Luise Rainer lays out the high cost of personal integrity in the third video, A Dancer (1987). Still Frame (1988) features Priscilla Pointer and Robert Symonds. Sophie (1989) stars Joan Plowright as a woman who has just left her philandering husband and set herself up as "Sophie, reader of French tarot cards," facing an embarrassed son. The first two videos were featured at the Berlin and London Film Festivals in 1985 and 1986. Dear Papa was awarded First Prize at the 1986 Women's International Film Festival in Paris.
In 1993, Chase produced a 60-minute video documentary about her home, the Chelsea Hotel. The Chelsea Hotel was originally conceived as New York's first major cooperative apartment house, owned by a consortium of 10 wealthy families, in 1883. It became a hotel in 1905. Her video paid tribute to the building's 110th anniversary, and to the remarkable artists and eccentrics who have called it home.
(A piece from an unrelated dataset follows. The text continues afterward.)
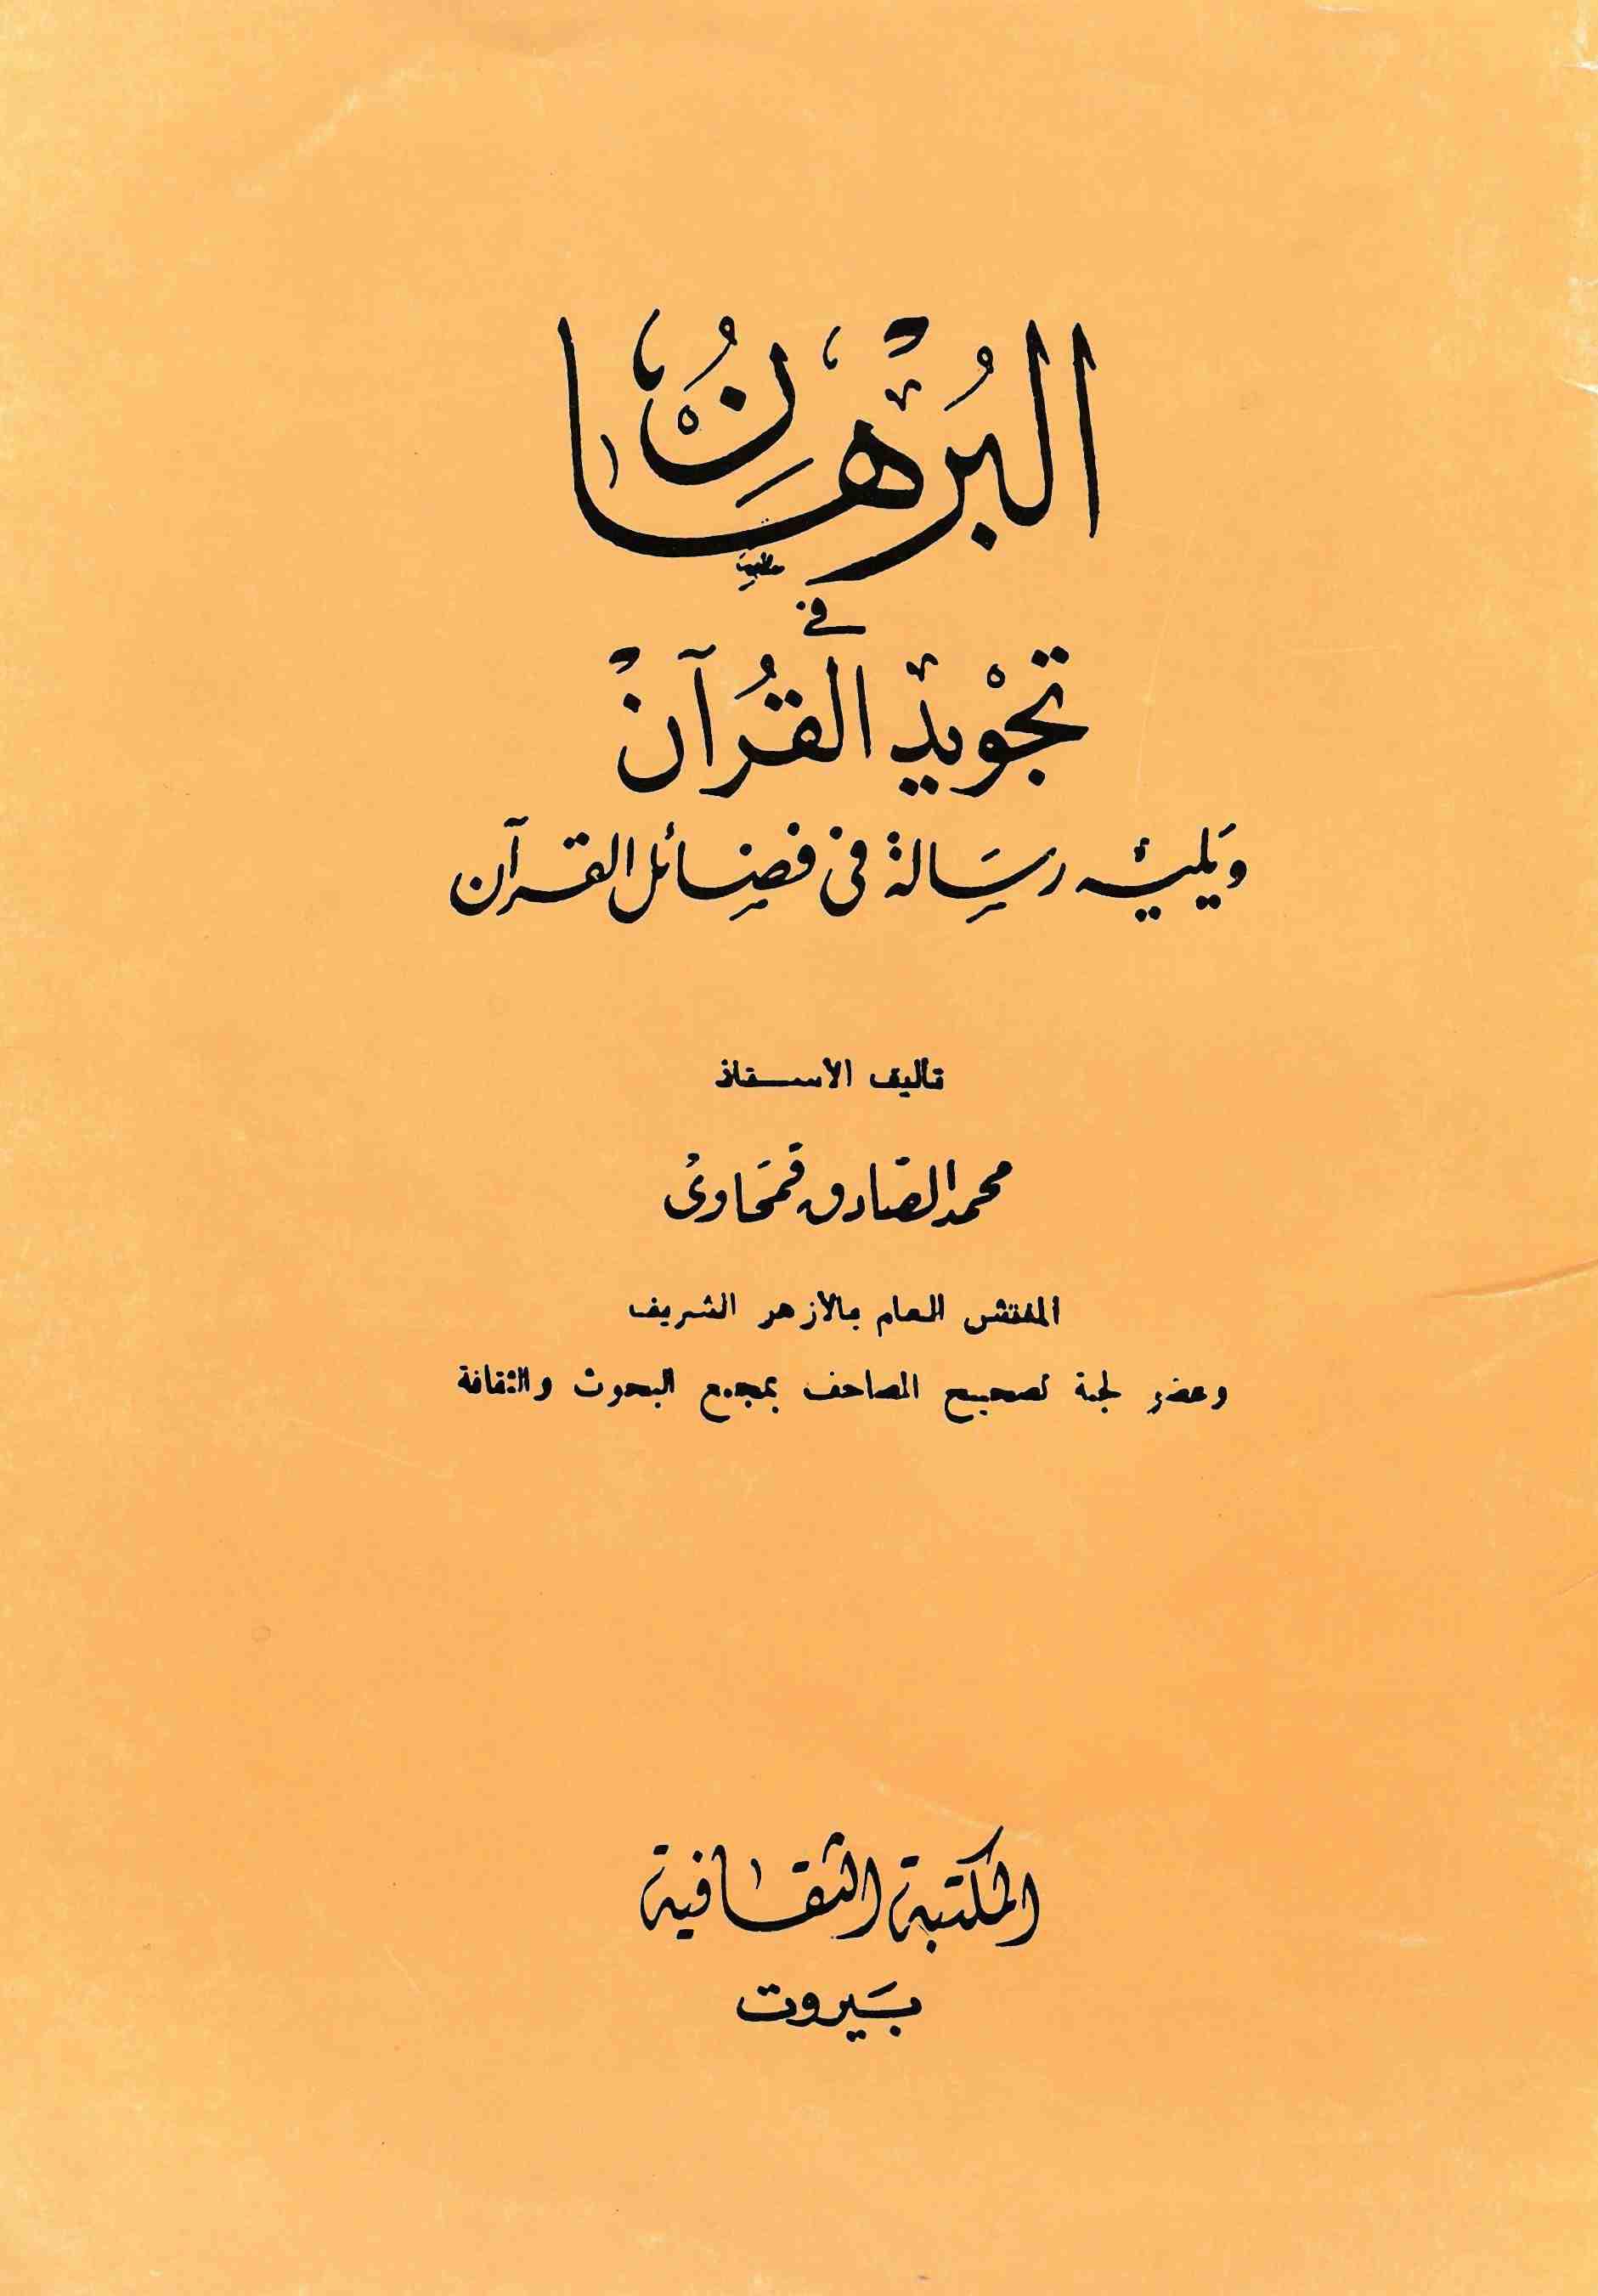 تحميل كتاب البرهان في تجويد القرآن، ويليه: رسالة في فضائل القرآن لـِ: الشيخ محمد الصادق قمحاوي

Art historian Patricia Failing wrote an in-depth study of the artist, Doris Chase, Artist in Motion: From Painting and Sculpture to Video Art, published in 1991 by the University of Washington Press. (Failing is assistant professor of art history at University of Washington and associate editor of ARTnews.) A companion videocassette directed by Tim Lorange enriches the documentation with moving images of Chase's work -- an essential element to understanding art in which motion has been a recurring motif.
It was not the first book to document her life. Parke Godwin's novel A Truce with Time, published in 1988 by Bantam Books, is a fictionalized version of Chase's life during her New York years. While he was writing it, Chase distilled her interpretation of their relationship into a film titled Still Frame, produced at the American Film Institute. She noted, "It was quite different from his view of things."
Full Circle
In the fall of 1989, hungry to work on sculpture again, Chase returned to Seattle to establish an apartment and a studio. She divided her time between the East and West Coasts, working on video in New York and concentrating on sculpture in Seattle. She began to produce works in glass, sometimes in combination with steel. "Working with glass I feel as if I've returned to painting in a new medium," she said.
In 1999, her monumental four-piece bronze sculpture Moon Gates, 17 feet high, was installed at Seattle Center. Although New York's MoMA has acquired her complete works in video and film, the Seattle Art Museum, at the time of this writing, has only one Chase work in its collection: an oil painting from the 1950s, done long before Chase began to create the work that has made her famous.
Doris Chase died of a combination of Alzheimer's and strokes on December 13, 2008. She spent her final years at Horizon House, on Capitol Hill.